• [Required action]
Leave every image behind and restate the data word for word.

• [Data segment]
....

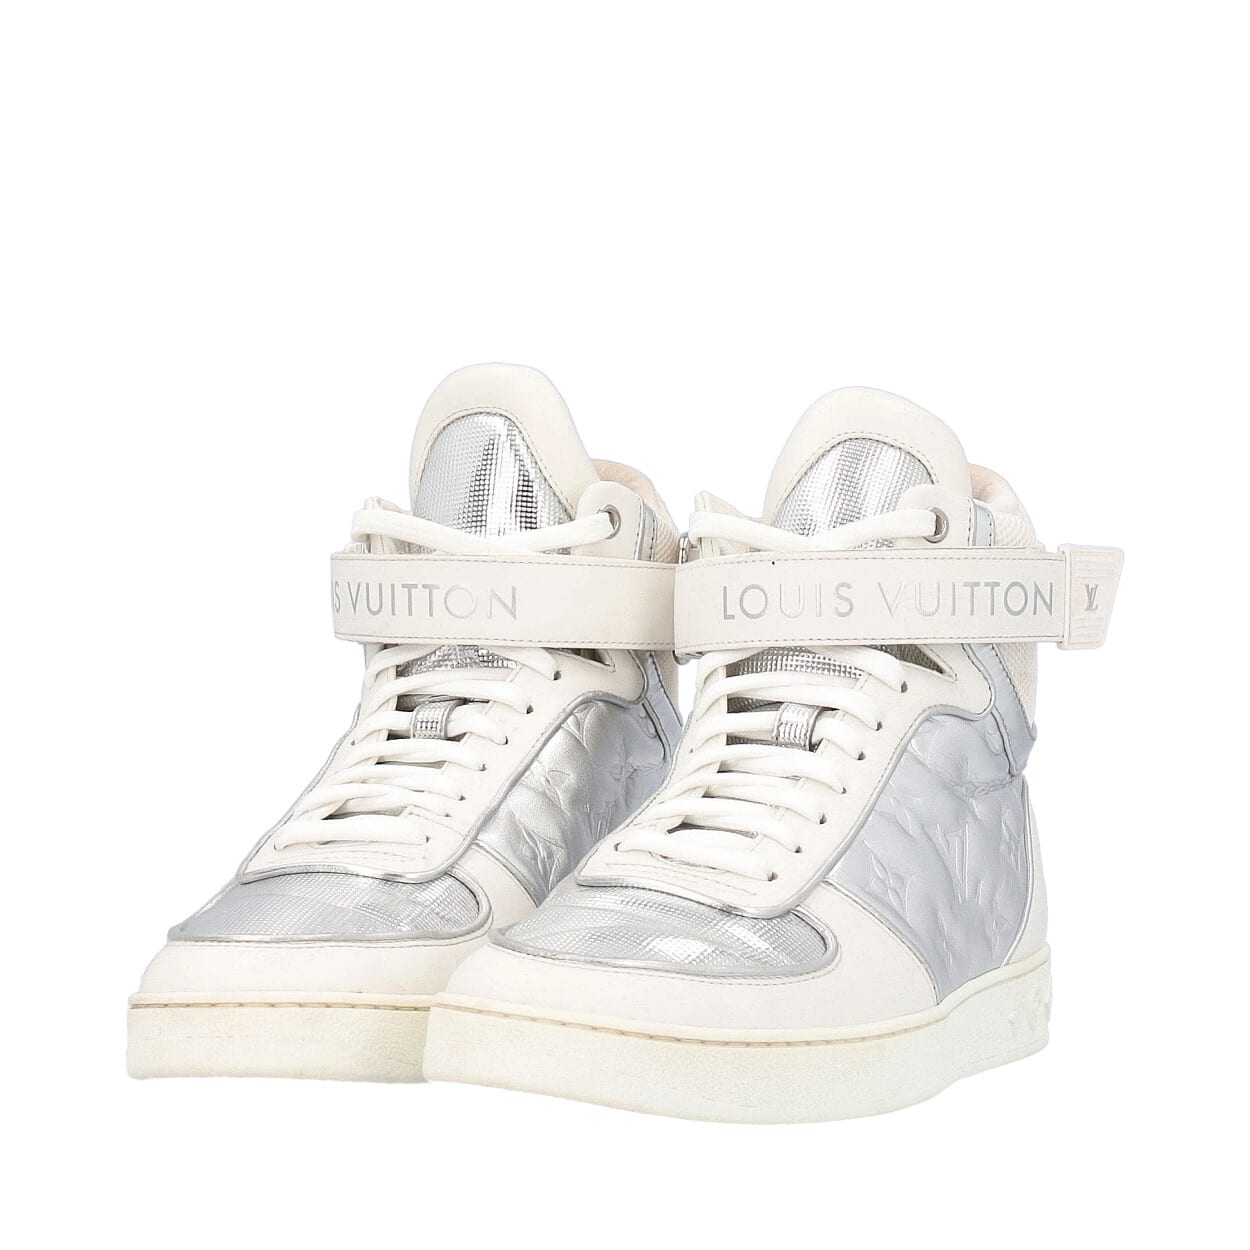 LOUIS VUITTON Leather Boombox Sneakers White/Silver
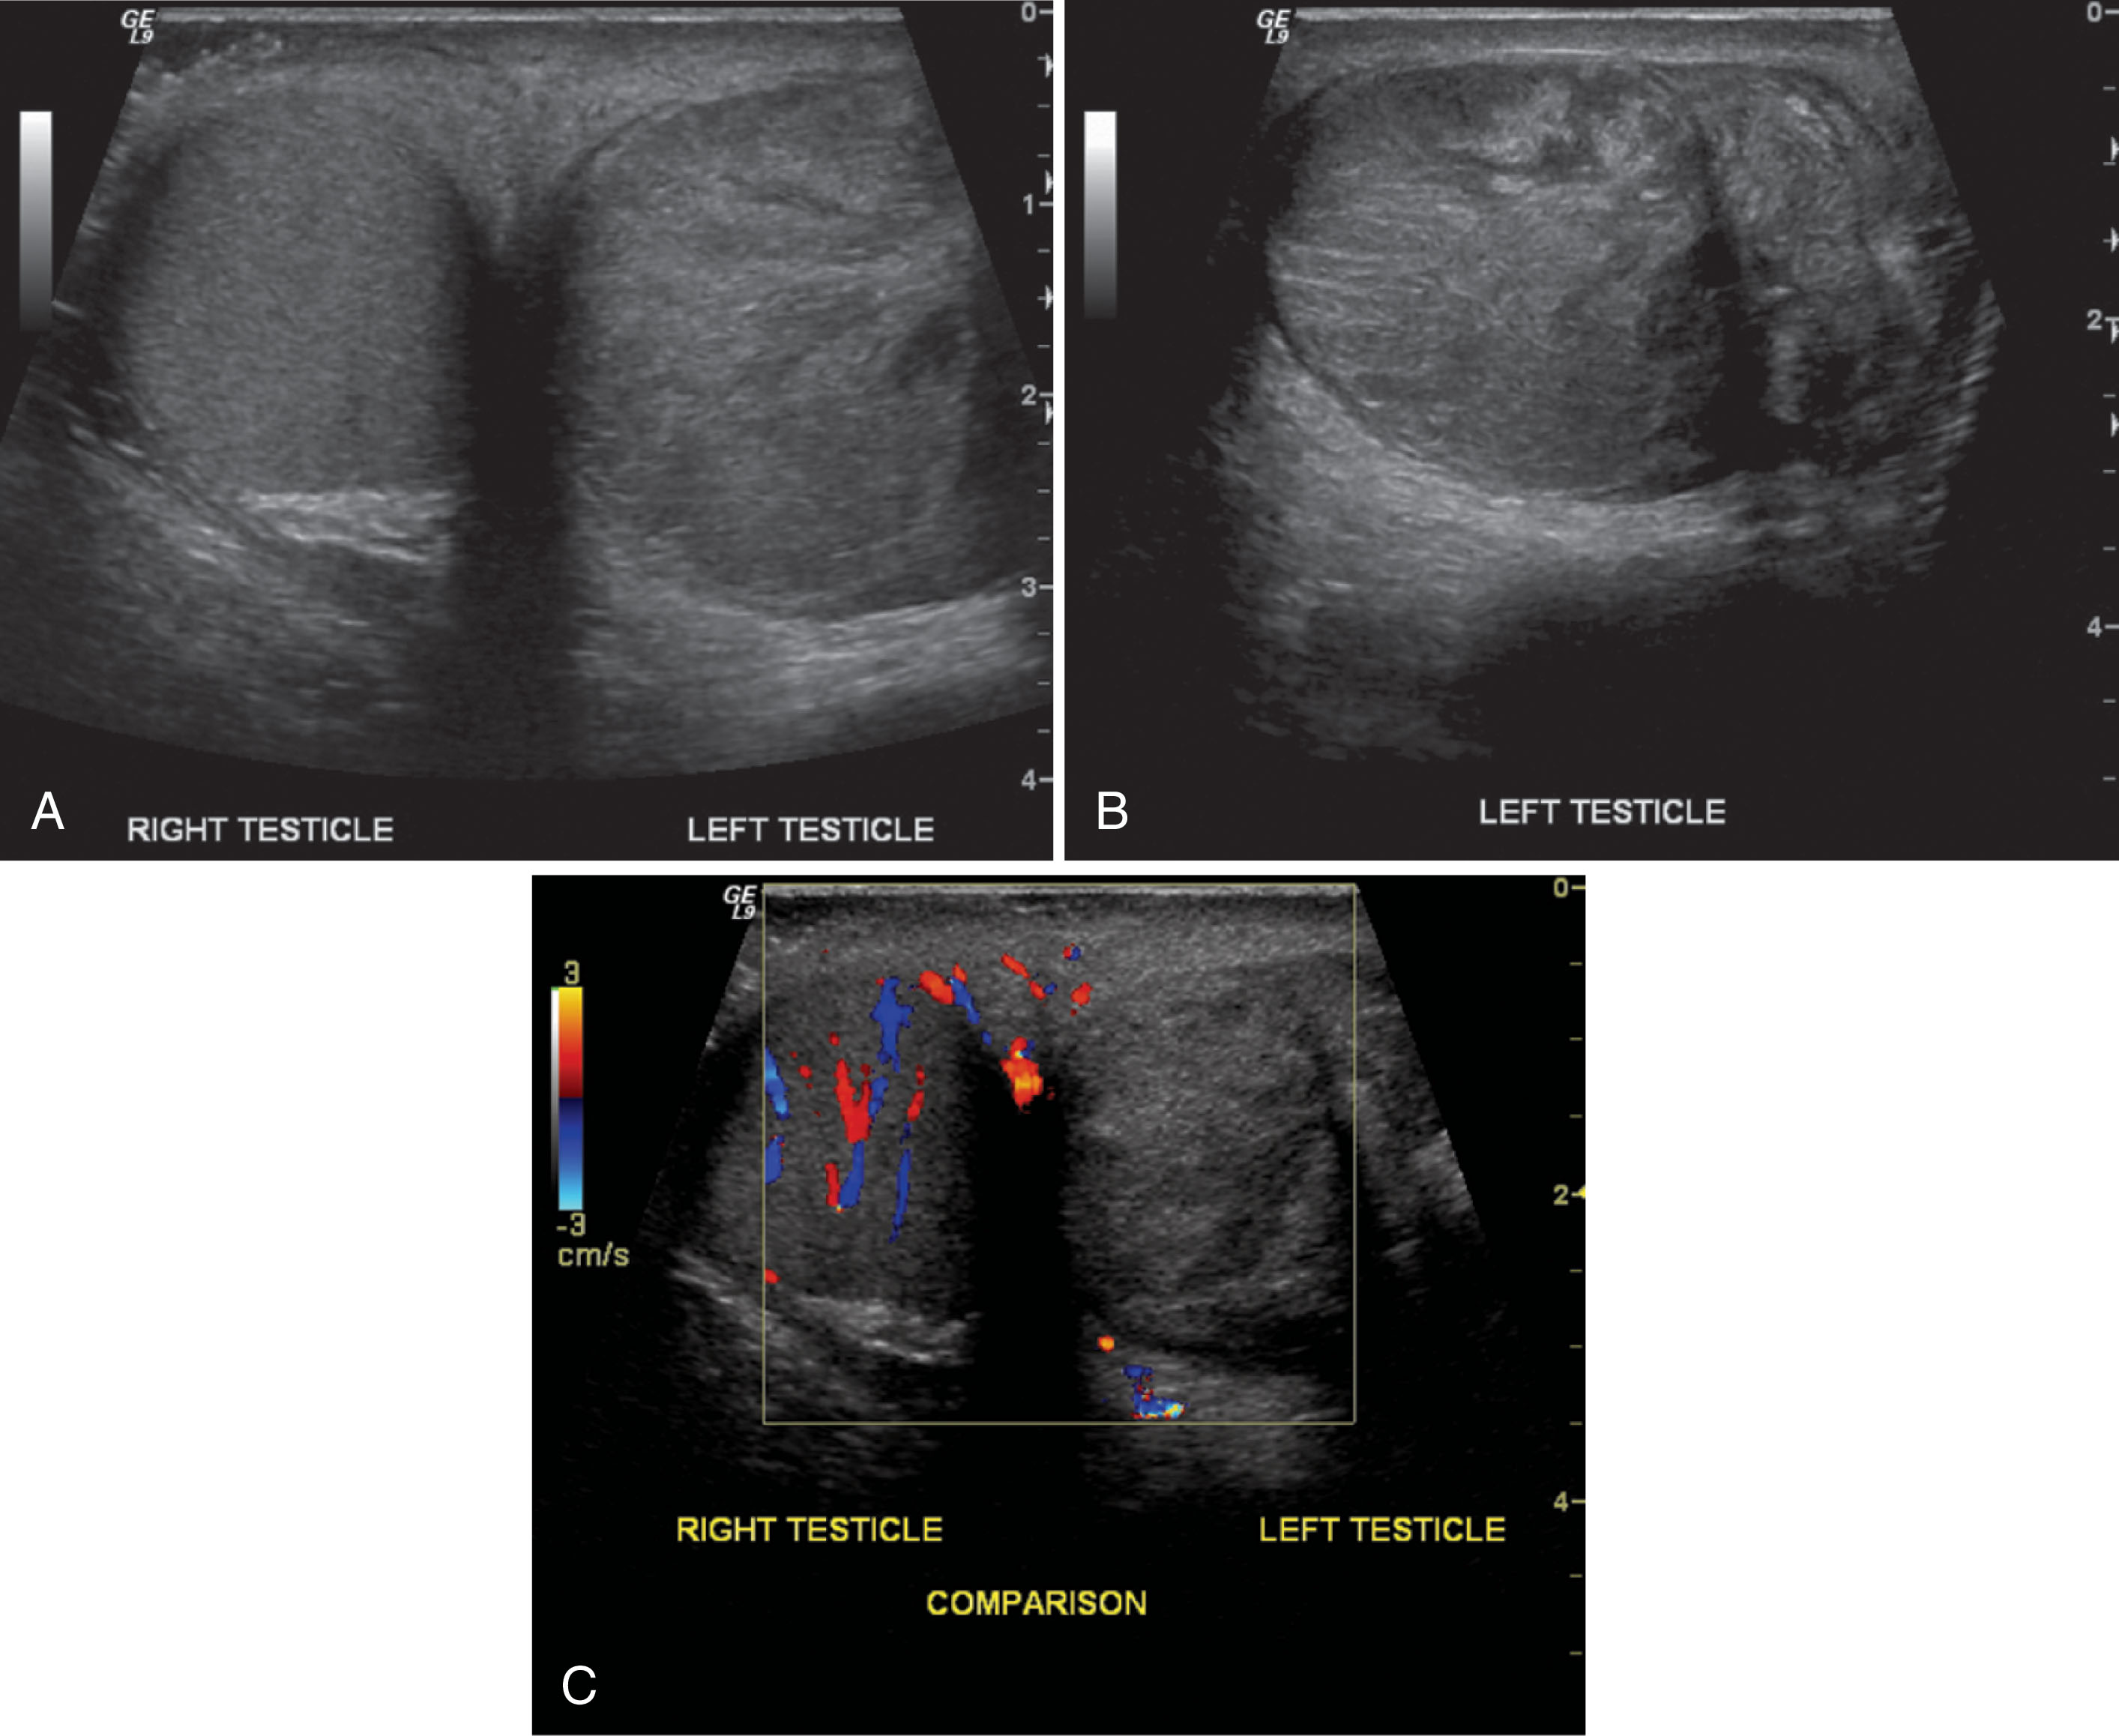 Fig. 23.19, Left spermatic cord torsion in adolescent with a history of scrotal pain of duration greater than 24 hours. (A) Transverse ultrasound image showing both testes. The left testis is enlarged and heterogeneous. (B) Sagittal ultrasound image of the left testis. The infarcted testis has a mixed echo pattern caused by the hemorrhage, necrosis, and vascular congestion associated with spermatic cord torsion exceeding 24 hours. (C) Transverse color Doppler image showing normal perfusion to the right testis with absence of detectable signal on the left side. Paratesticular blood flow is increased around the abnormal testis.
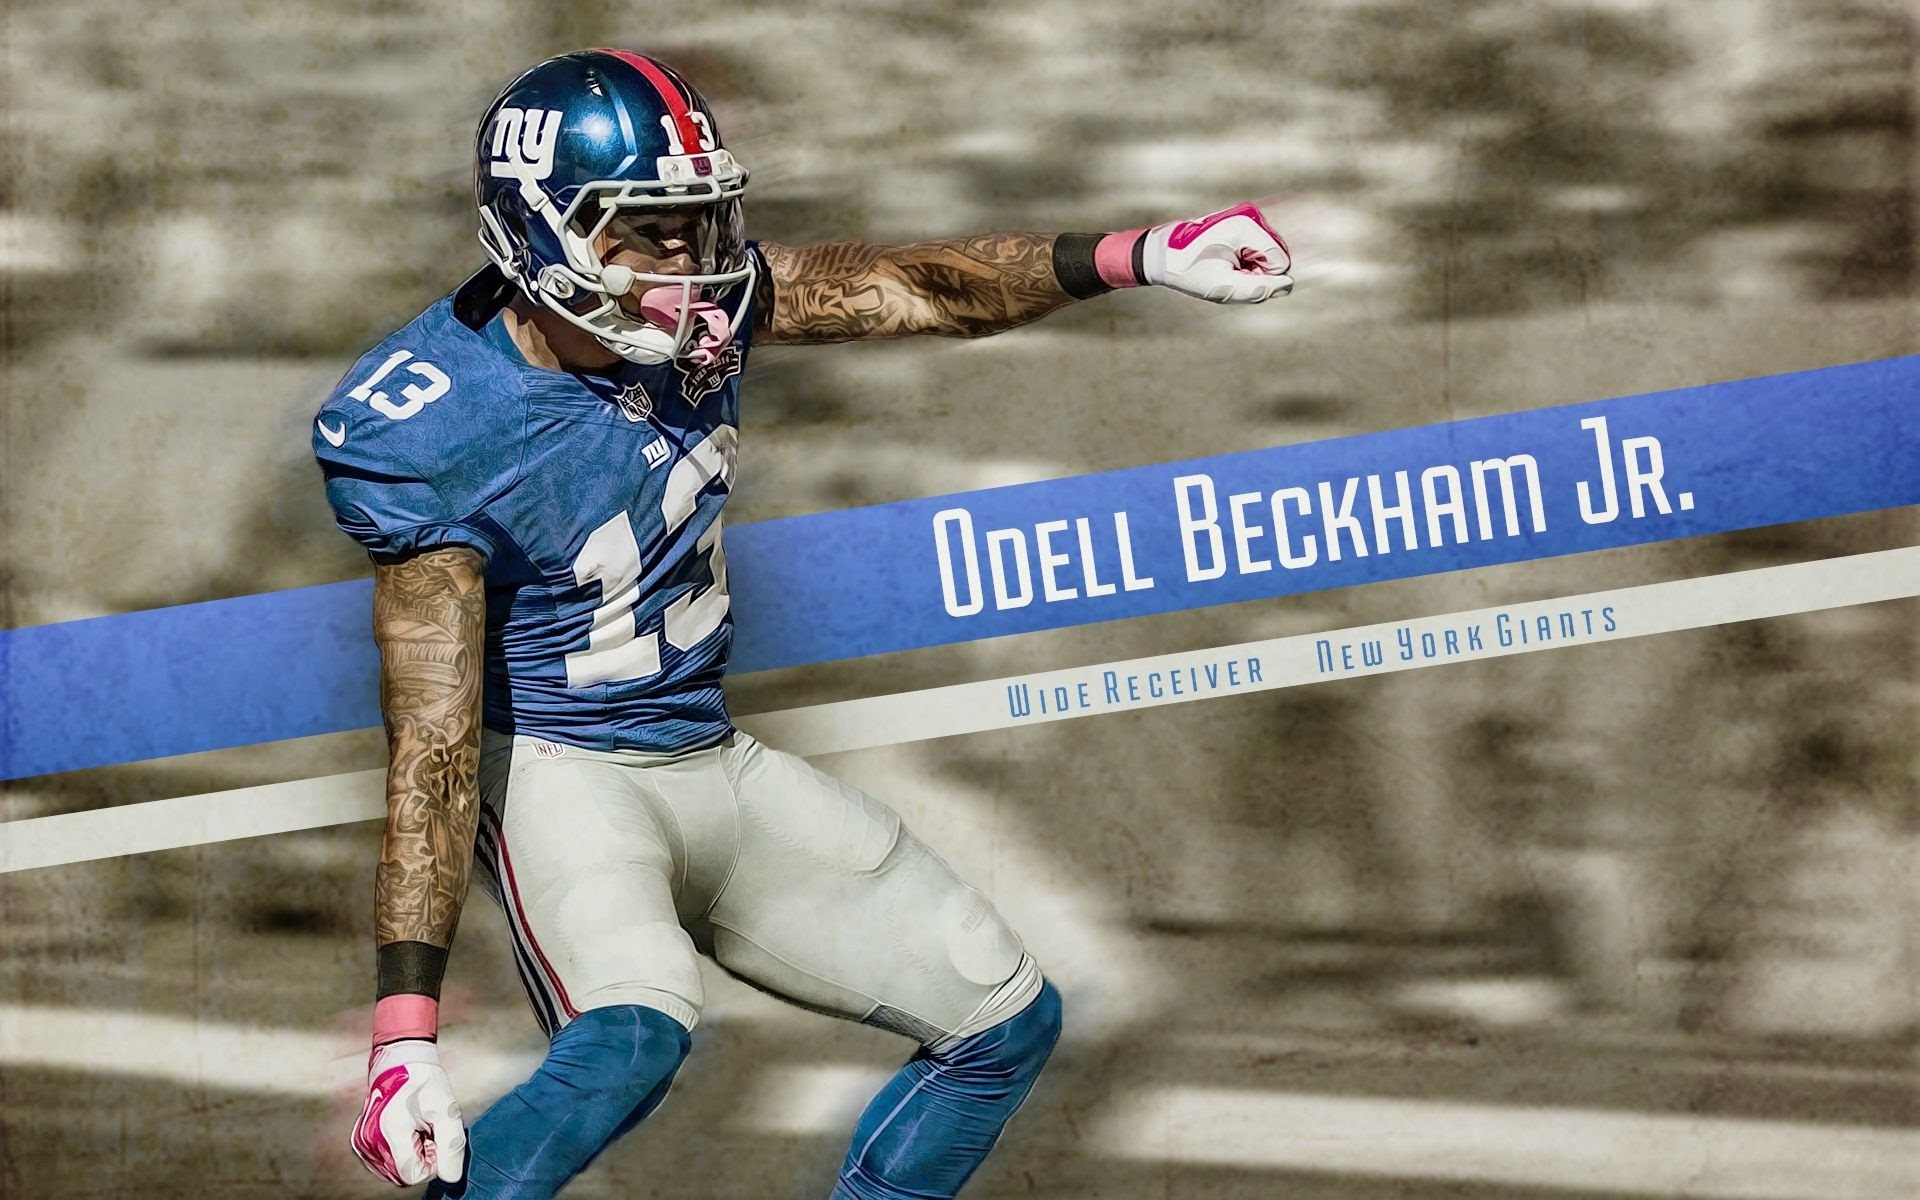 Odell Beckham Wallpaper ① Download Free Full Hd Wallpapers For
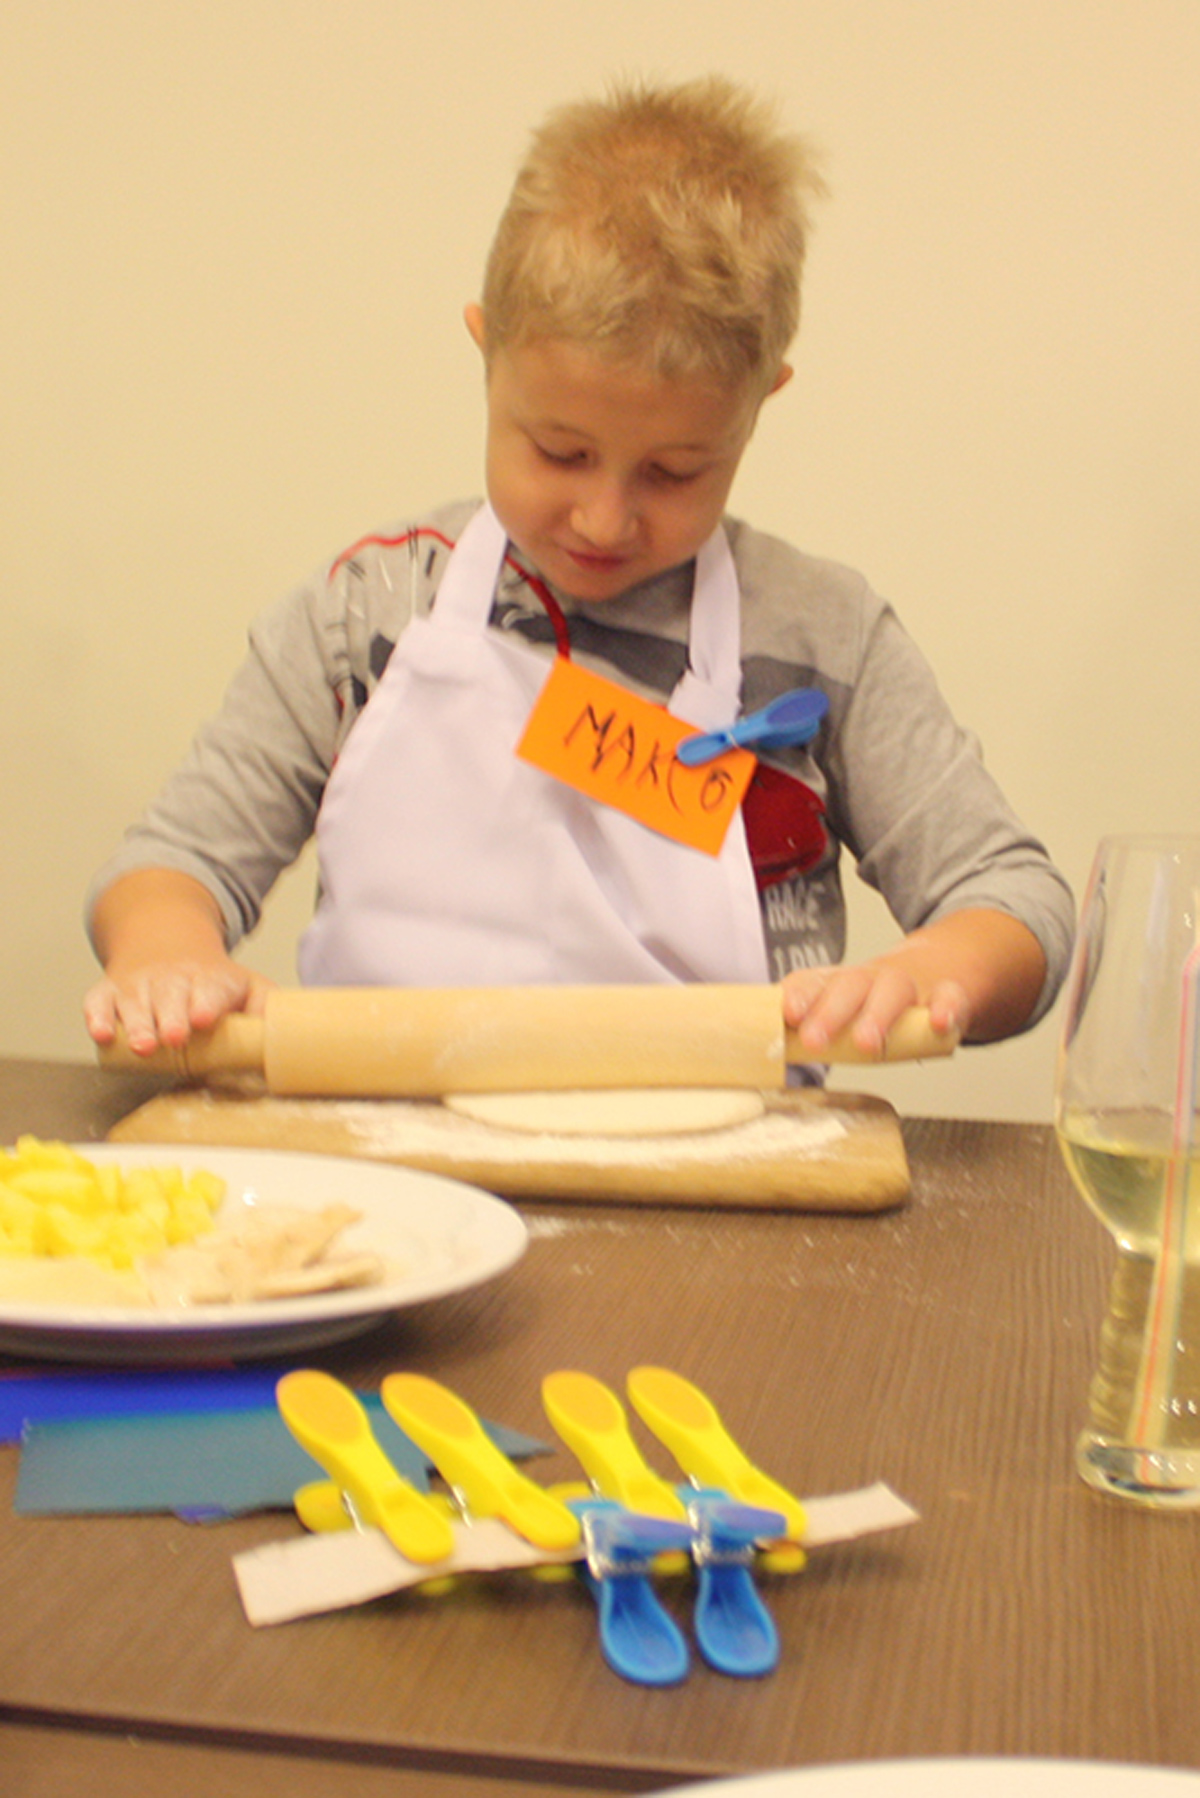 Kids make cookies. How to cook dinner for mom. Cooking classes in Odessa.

....

• [Response to the task]
 LOUIS VUITTON Leather Boombox Sneakers White/Silver
 Fig. 23.19, Left spermatic cord torsion in adolescent with a history of scrotal pain of duration greater than 24 hours. (A) Transverse ultrasound image showing both testes. The left testis is enlarged and heterogeneous. (B) Sagittal ultrasound image of the left testis. The infarcted testis has a mixed echo pattern caused by the hemorrhage, necrosis, and vascular congestion associated with spermatic cord torsion exceeding 24 hours. (C) Transverse color Doppler image showing normal perfusion to the right testis with absence of detectable signal on the left side. Paratesticular blood flow is increased around the abnormal testis.
 Odell Beckham Wallpaper ① Download Free Full Hd Wallpapers For
 Kids make cookies. How to cook dinner for mom. Cooking classes in Odessa.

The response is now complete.